What is needed
Set the listing down exactly; no pictures.

Information shown
----------------

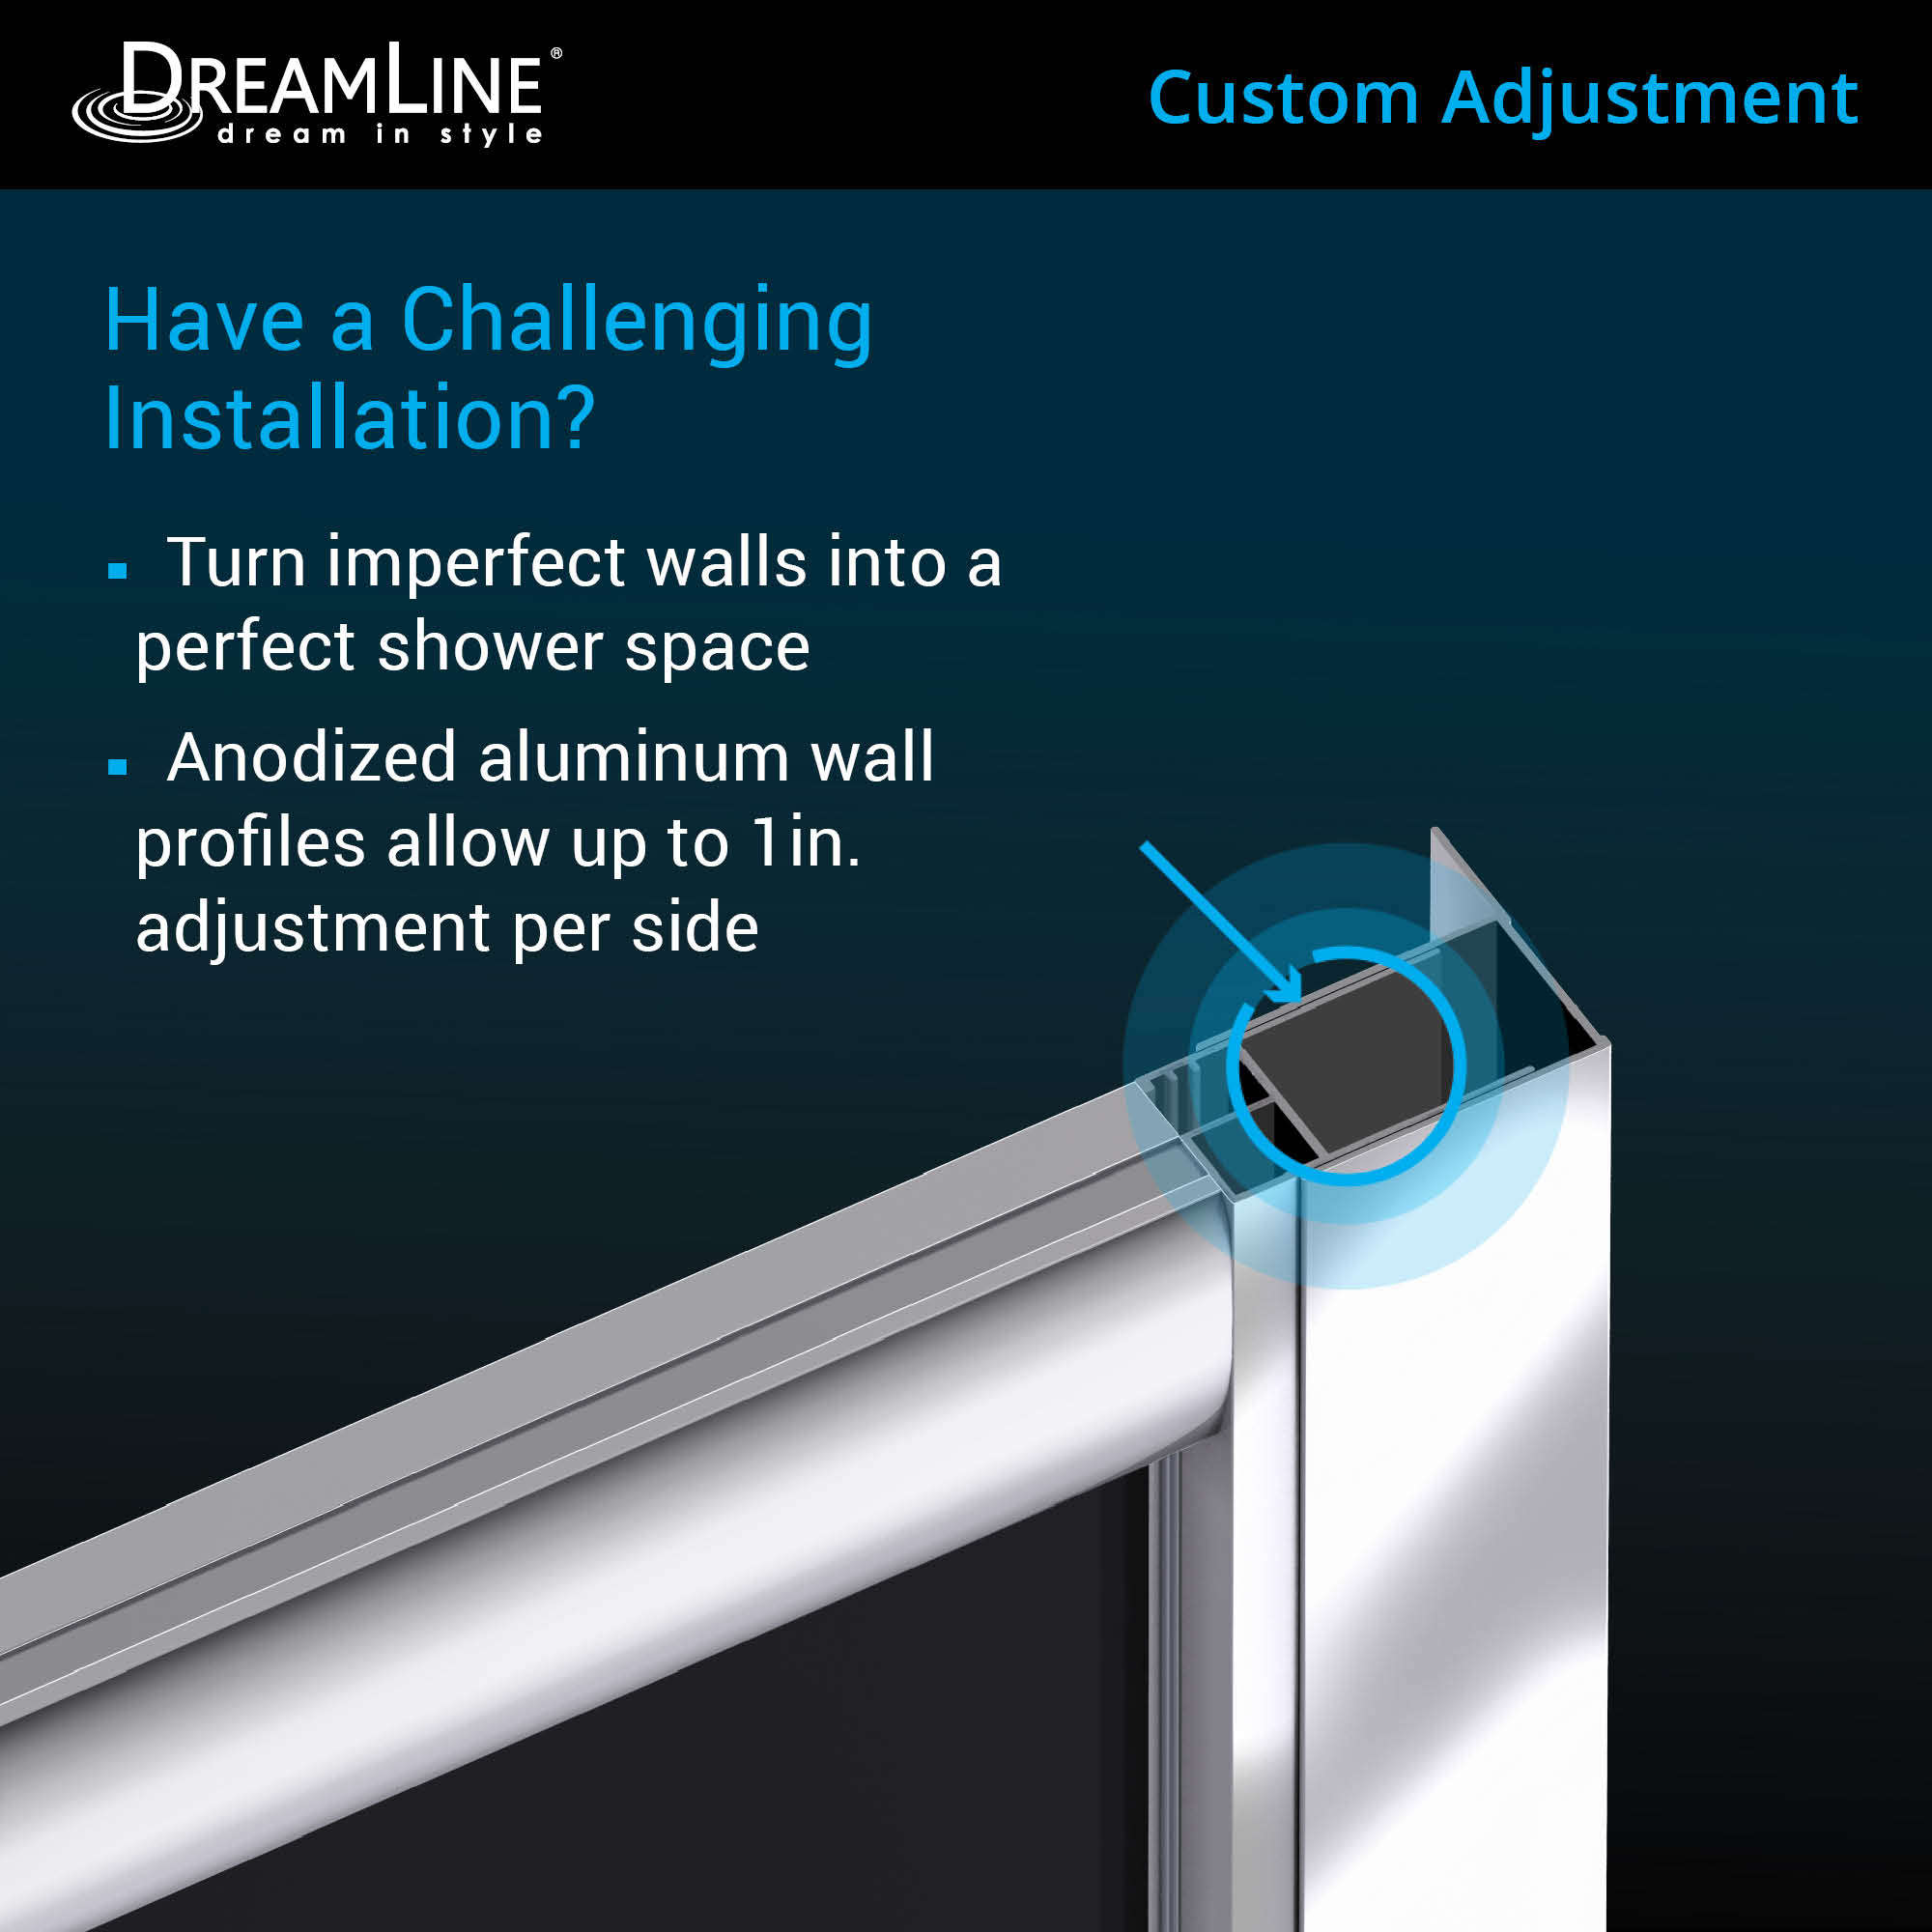 DreamLine Prime 38 in. x 74 3/4 in. Semi-Frameless Frosted Glass Sliding Shower Enclosure in Brushed Nickel with White Base Kit
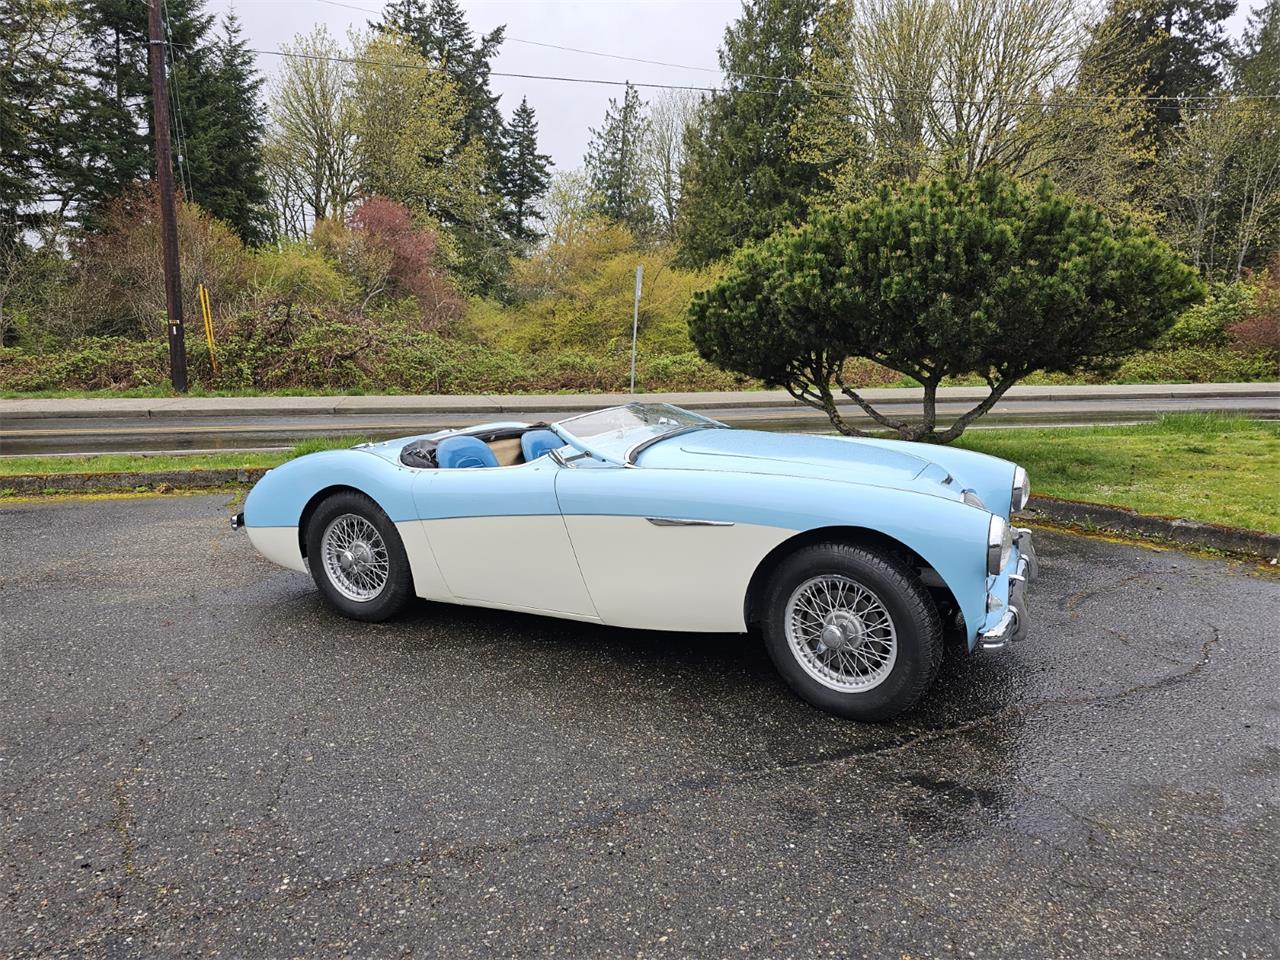 For Sale at Auction: 1956 Austin 1100 in Tacoma, Washington
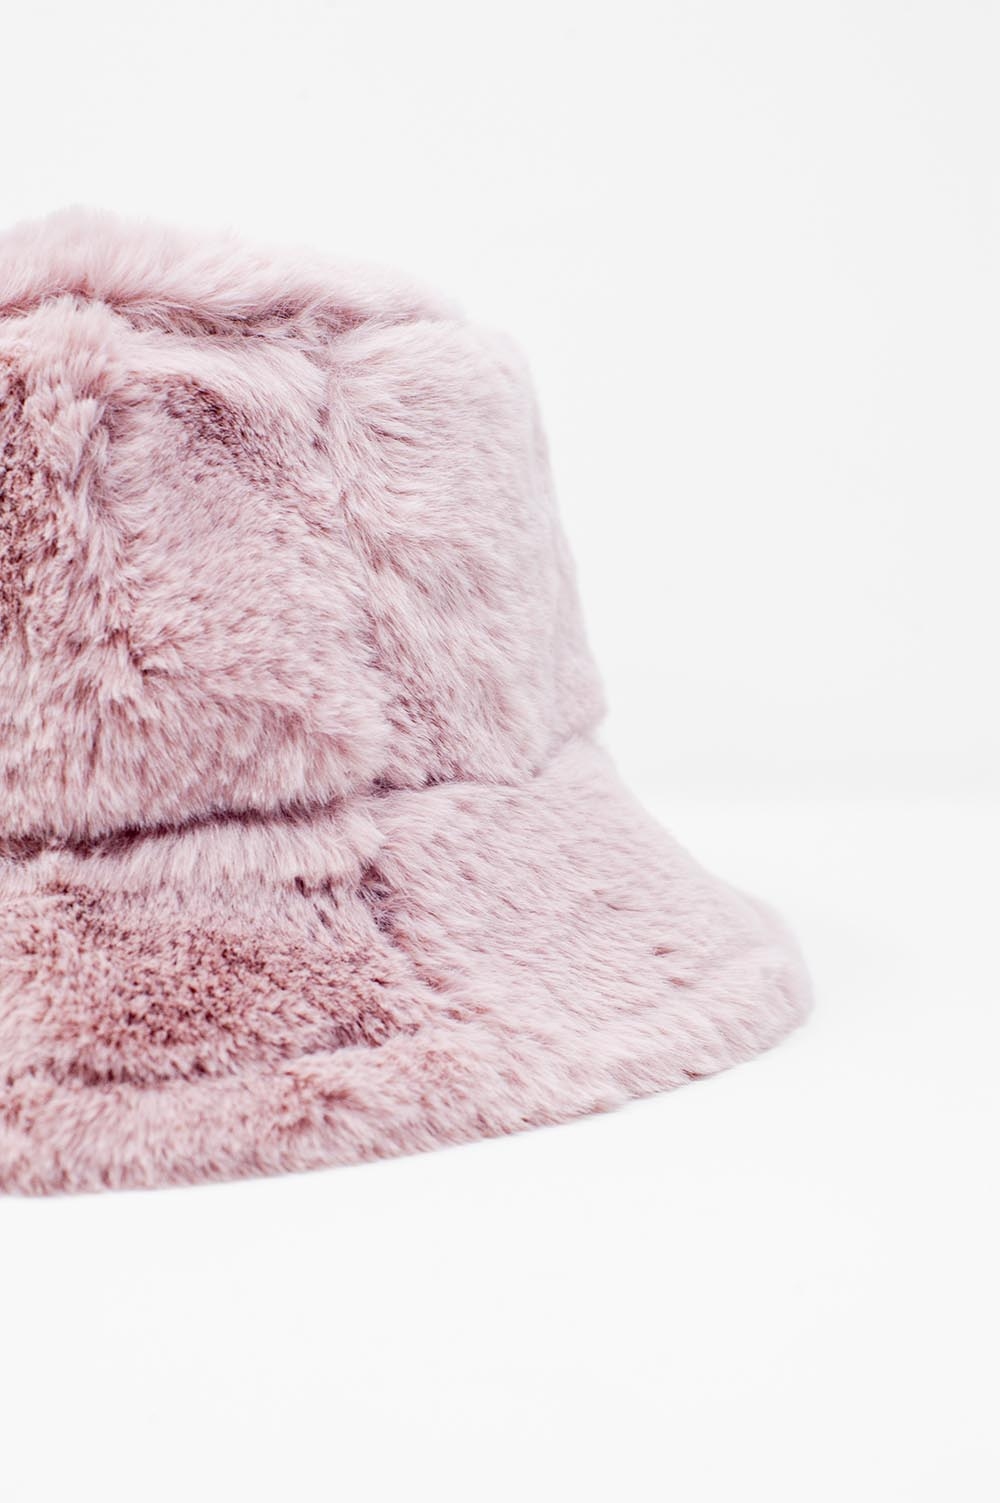 Reversible bucket hat in pink with teddy turn up
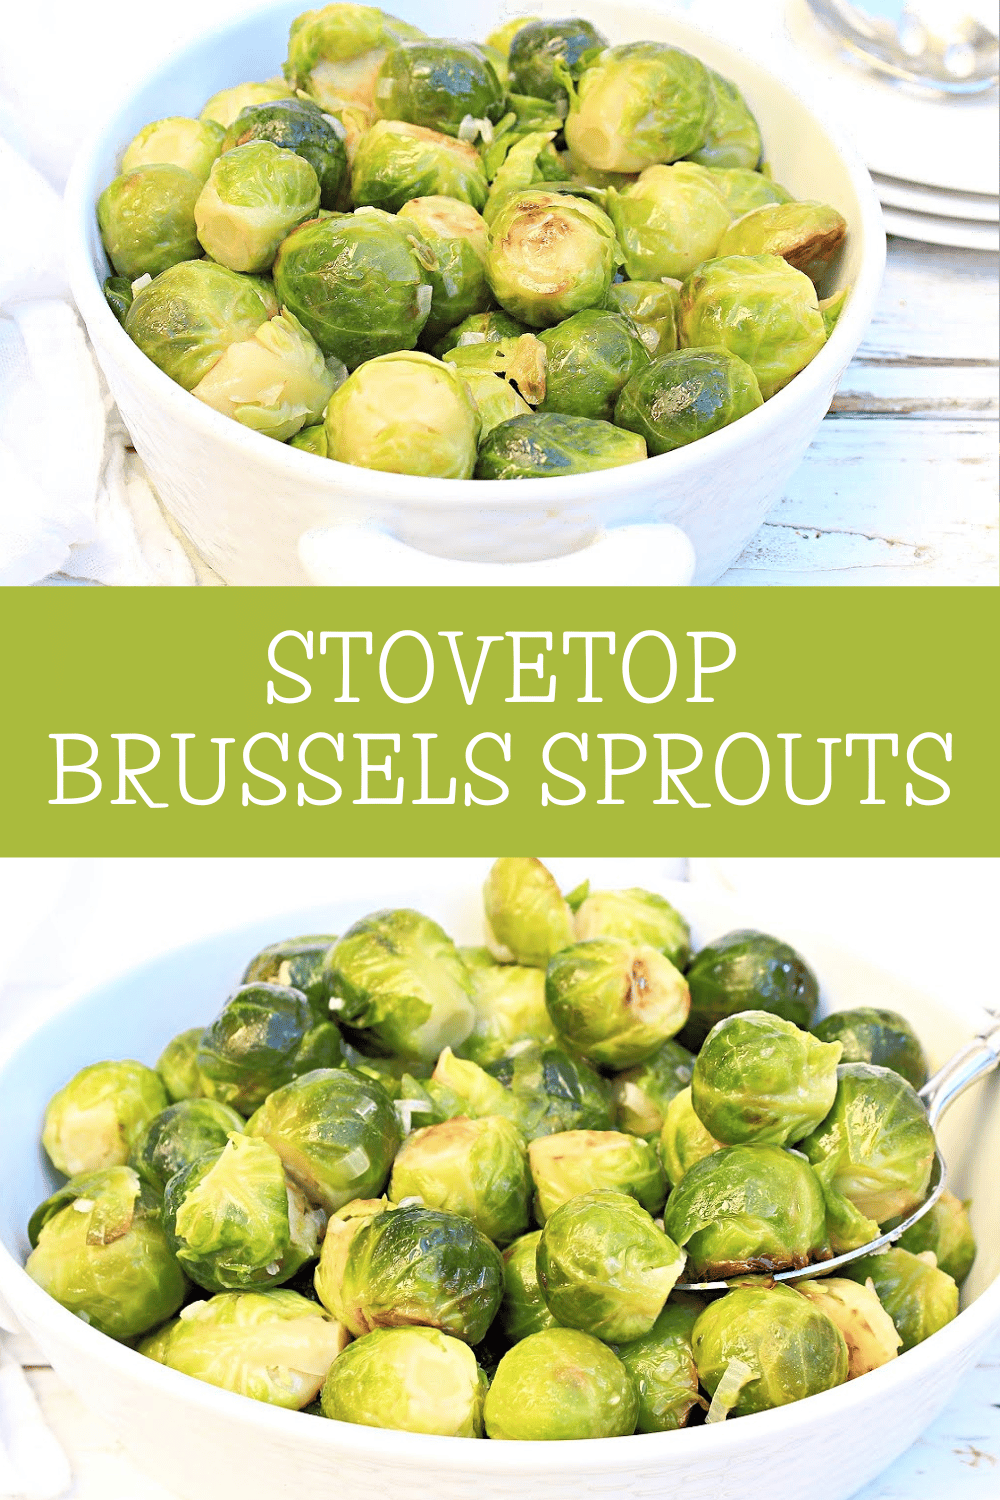 Stovetop Brussels Sprouts ~ Pan-fried Brussels sprouts simmered in a savory and buttery plant-based broth are easy, flavorful, and versatile! via @thiswifecooks

----------------

Exercise answer
 DreamLine Prime 38 in. x 74 3/4 in. Semi-Frameless Frosted Glass Sliding Shower Enclosure in Brushed Nickel with White Base Kit
 For Sale at Auction: 1956 Austin 1100 in Tacoma, Washington
 Reversible bucket hat in pink with teddy turn up
 Stovetop Brussels Sprouts ~ Pan-fried Brussels sprouts simmered in a savory and buttery plant-based broth are easy, flavorful, and versatile! via @thiswifecooks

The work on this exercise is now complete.